The “porpoise of the soul is service”––such was the revelatory dream-image pun reported by environmental activist and author Terry Tempest Williams, Montgomery Fellow at Dartmouth last winter.

For the environmentally-conscientious person this inspiring exhortation raises obvious, “What should I do?” questions such as, “What is the best route to service?” or “How does service manifest itself most effectively?” And, in particular for many outdoor-enthusiasts, “What if I admire and revere the idea of service but my self-satisfying outdoor-activity-obsession trumps ‘service’ every time? I want to be OUT THERE all the time doing either outdoor sports or contemplative and exploratory ramblings. Not going to meetings. Not organizing events or letter-writing campaigns. Not raising money. Not working towards a career in sustainability sciences. Not working in an office for an enviro group.”
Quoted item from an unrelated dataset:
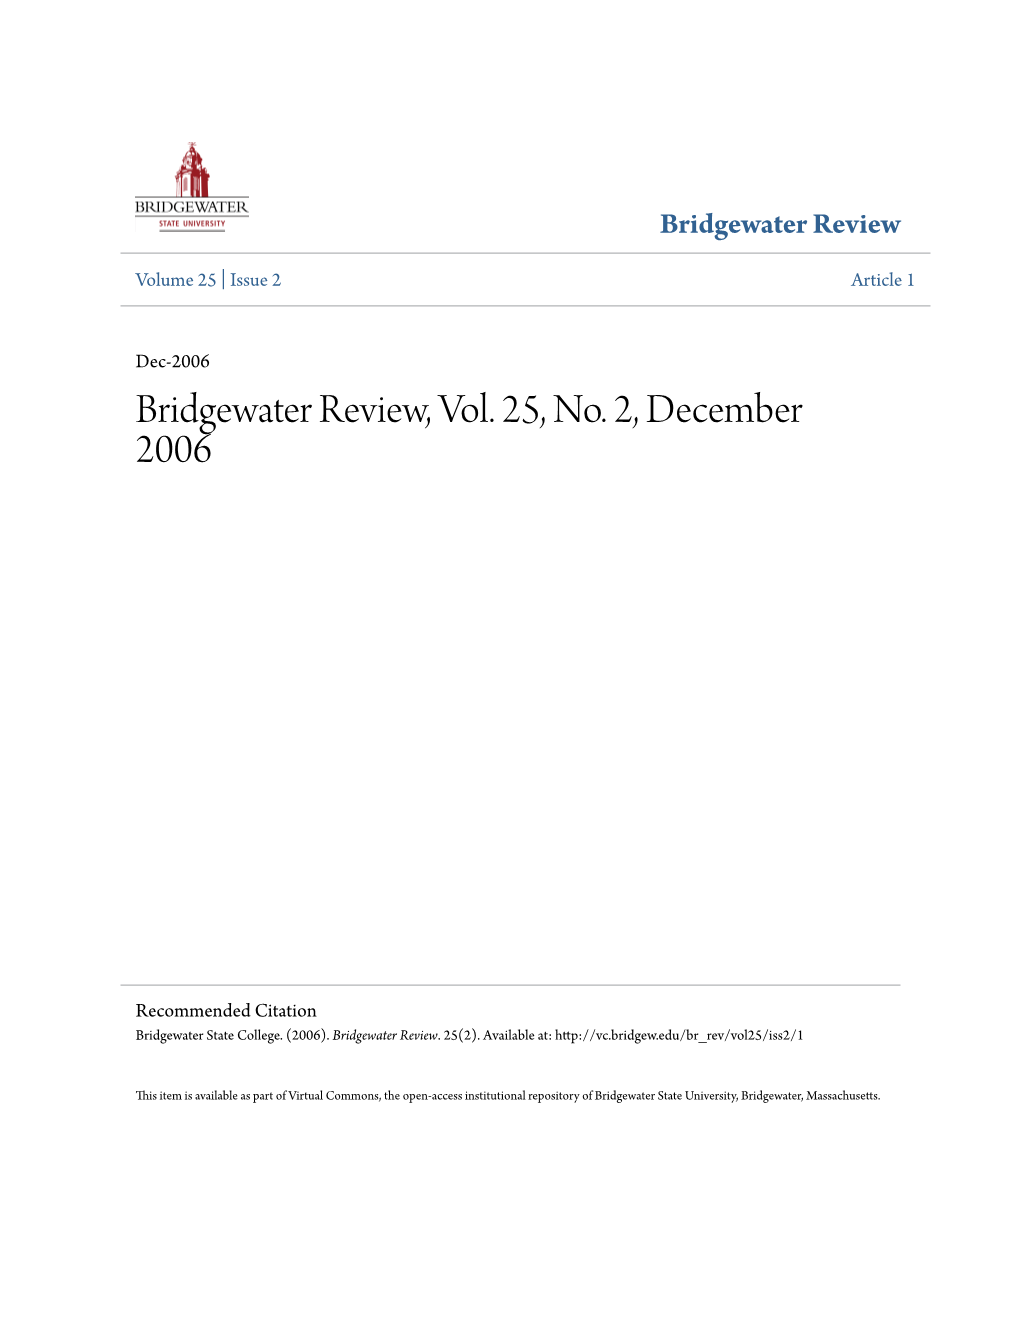 Bridgewater Review, Vol. 25, No. 2, December 2006

Take heart if the above describes you, for it’s possible that your approach can be just as an effective––and in fact sometimes a more effective––route to service as the more orthodox “front-door” route. Your seemingly “non-service” way of life can in fact equip you beautifully for highly effective service in terms of ability, knowledge, and motivation.

Ability

If you’re usually in the company of fellow Dartmouth outdoor-obsessives, you may be surprised to discover that the level of outdoor skill and fitness you’ve acquired (even unwittingly and incidentally) is probably vastly higher than you realize, especially in comparison with the average American. Decisions about land-use have to be based on intimate knowledge of the land––not just knowledge of abstract policy. But, sadly, very few people are adept at bushwhacking through forests or navigating smoothly and extensively over rough and trail-less terrain. Thus you may have unwittingly become a tremendous asset to the wider community since you can (and will, due to your passion) get out and see with your own eyes what desperately needs to be seen first-hand.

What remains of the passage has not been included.